## About this task
Once you have found the line with "Herkunft: Skardu, Pakistan" in the records below, retype it and every line after it to the end exactly, with no pictures and nothing more.

[Collected data entries]
= = =

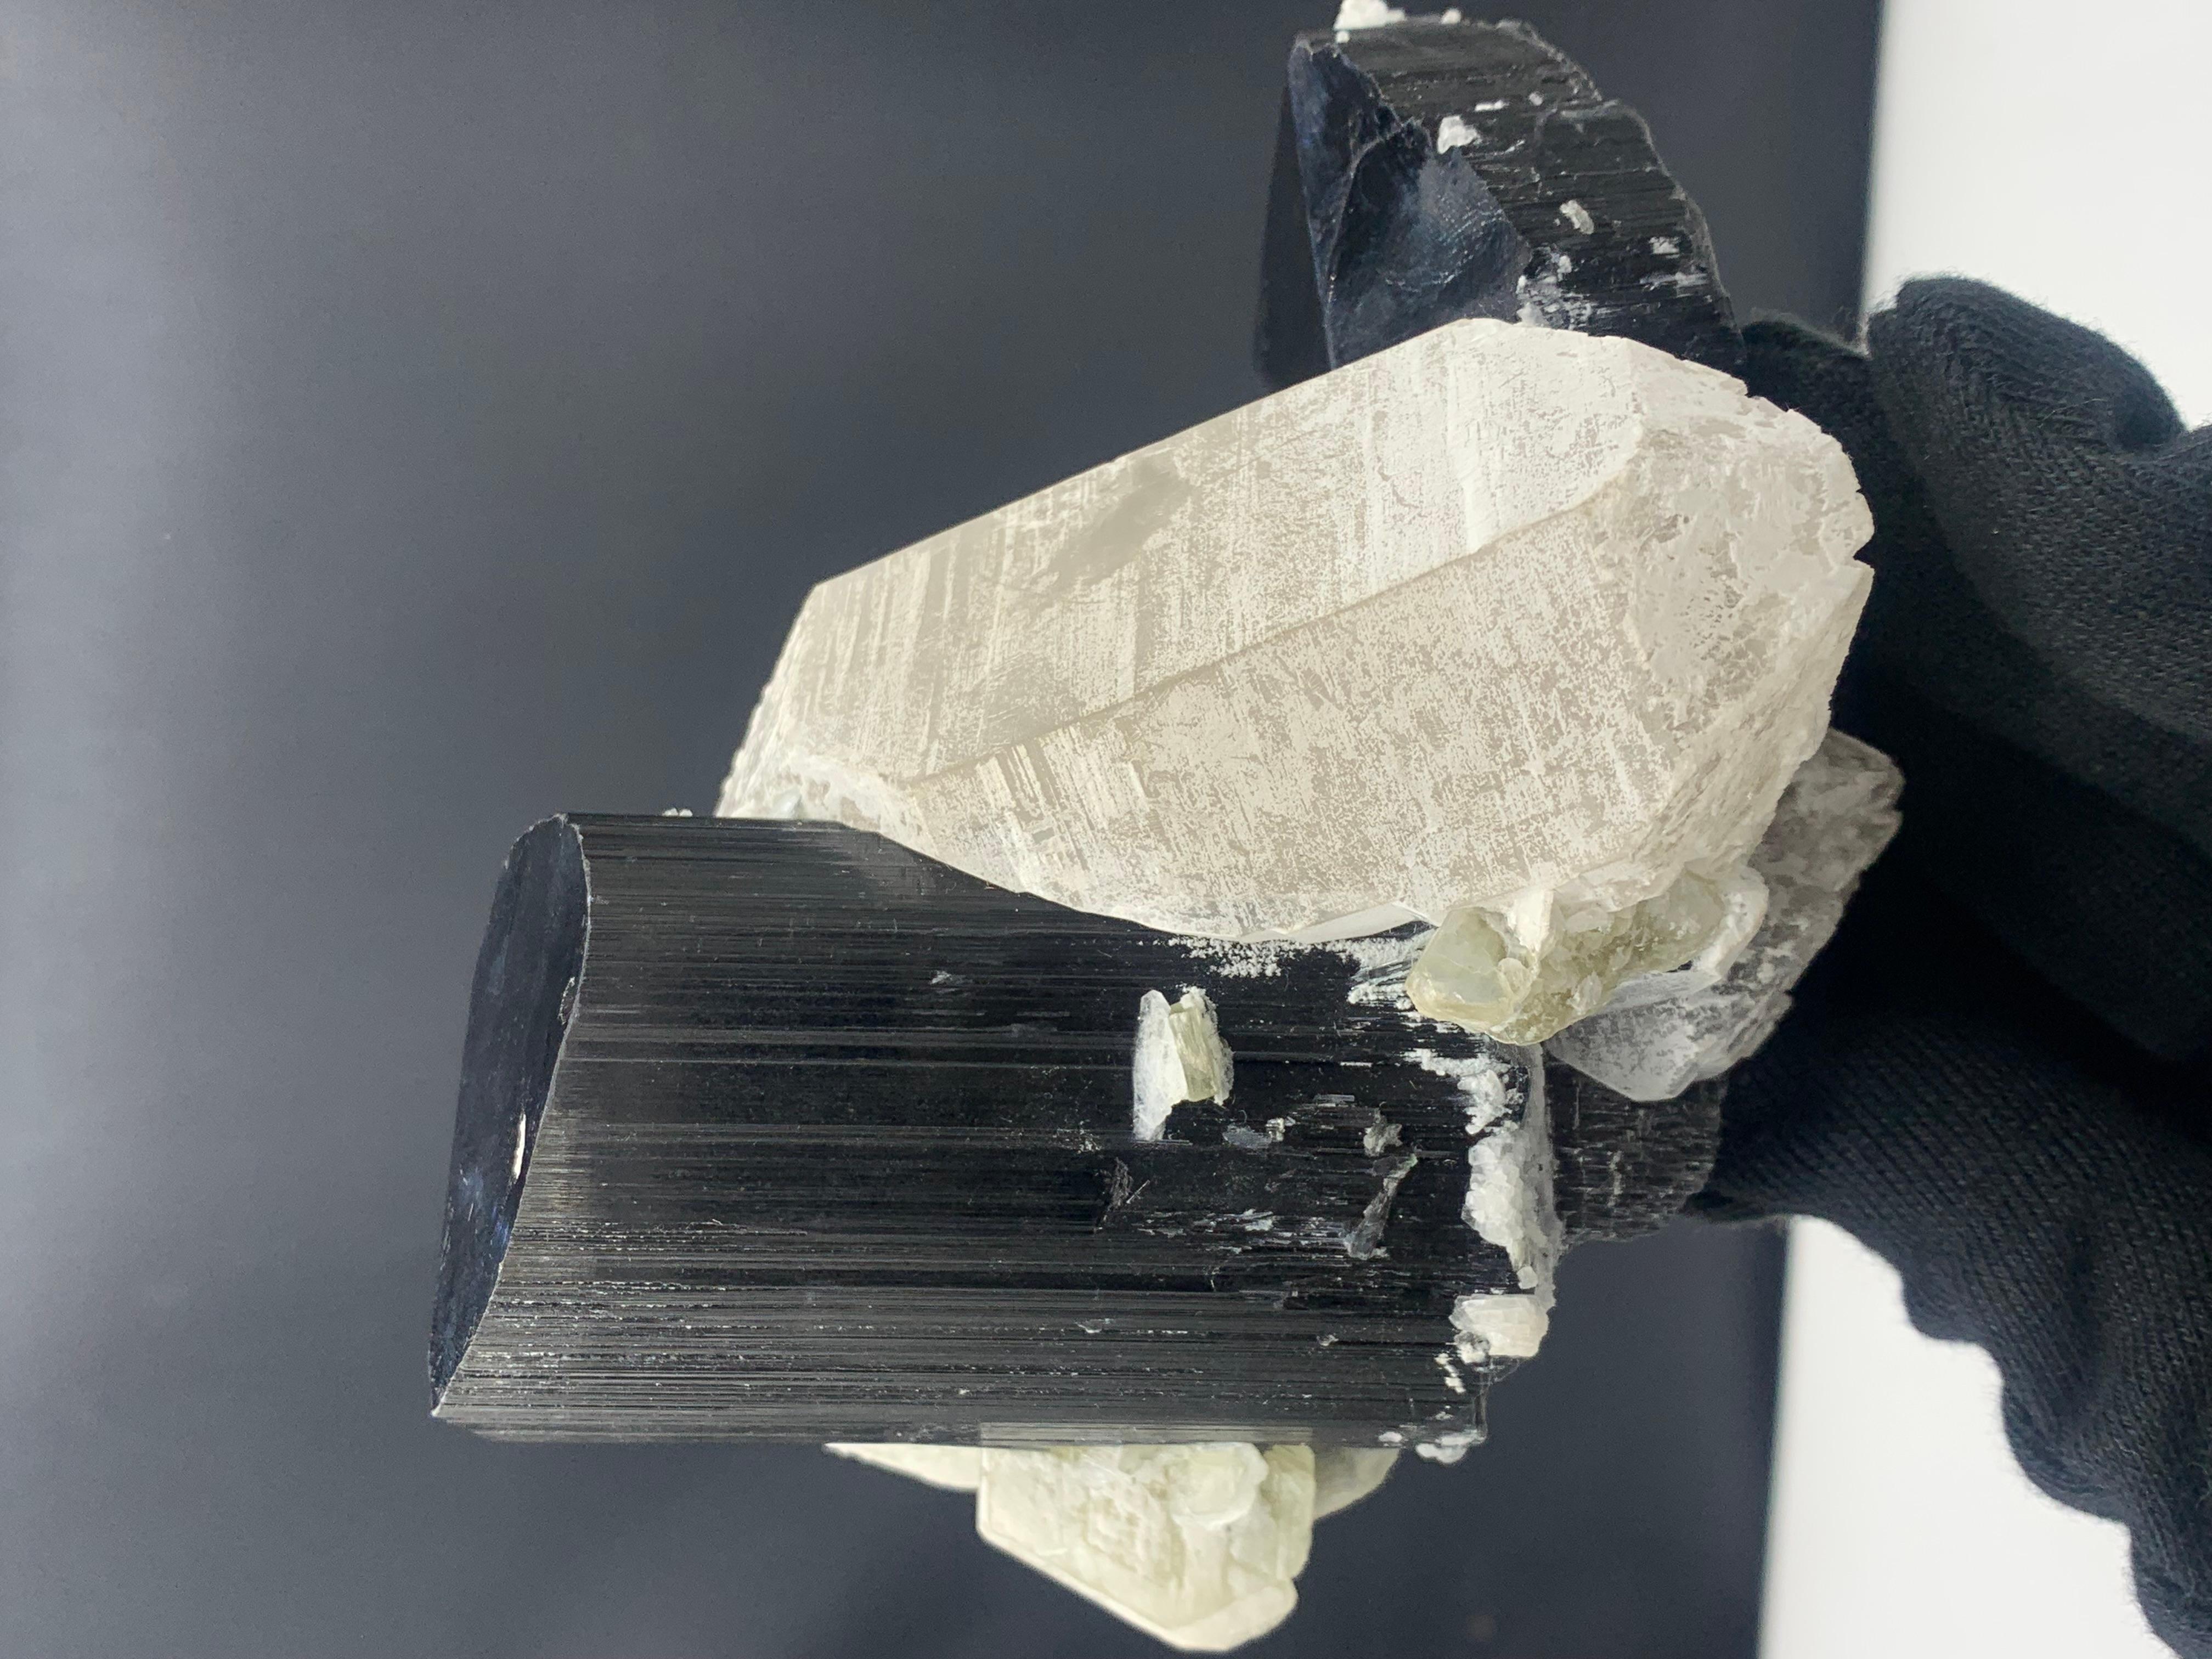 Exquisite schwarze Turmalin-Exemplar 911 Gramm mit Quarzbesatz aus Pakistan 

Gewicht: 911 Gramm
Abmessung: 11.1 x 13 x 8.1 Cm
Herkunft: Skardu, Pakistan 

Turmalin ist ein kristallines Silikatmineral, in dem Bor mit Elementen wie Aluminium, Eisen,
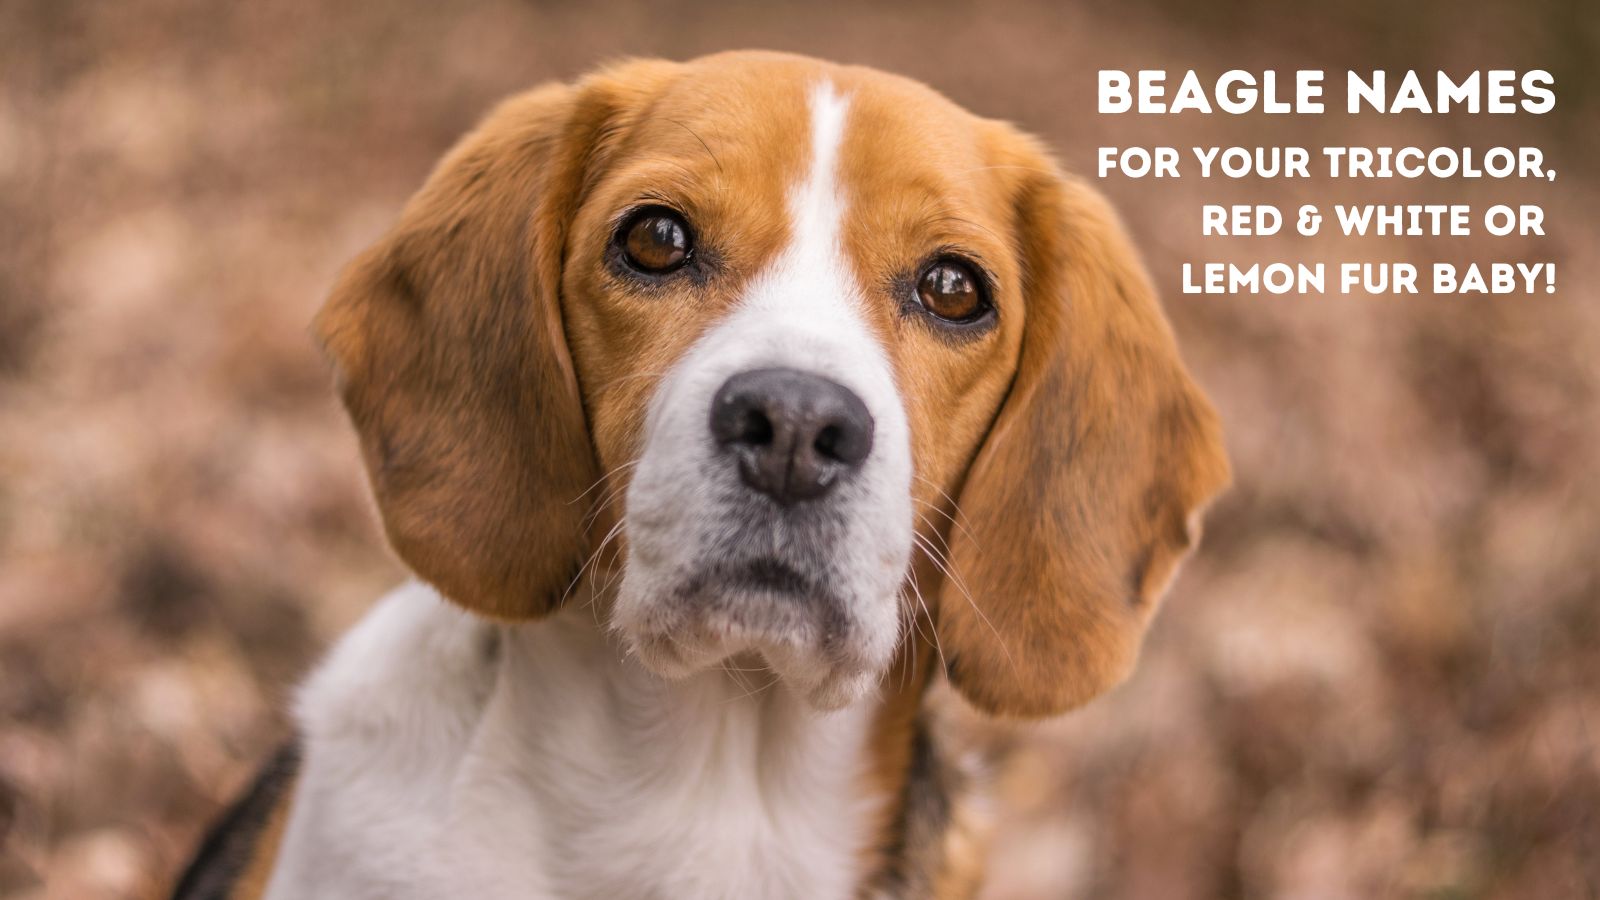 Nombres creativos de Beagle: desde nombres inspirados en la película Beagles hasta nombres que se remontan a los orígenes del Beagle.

= = =

## Solution for this task
Herkunft: Skardu, Pakistan 

Turmalin ist ein kristallines Silikatmineral, in dem Bor mit Elementen wie Aluminium, Eisen,
 Nombres creativos de Beagle: desde nombres inspirados en la película Beagles hasta nombres que se remontan a los orígenes del Beagle.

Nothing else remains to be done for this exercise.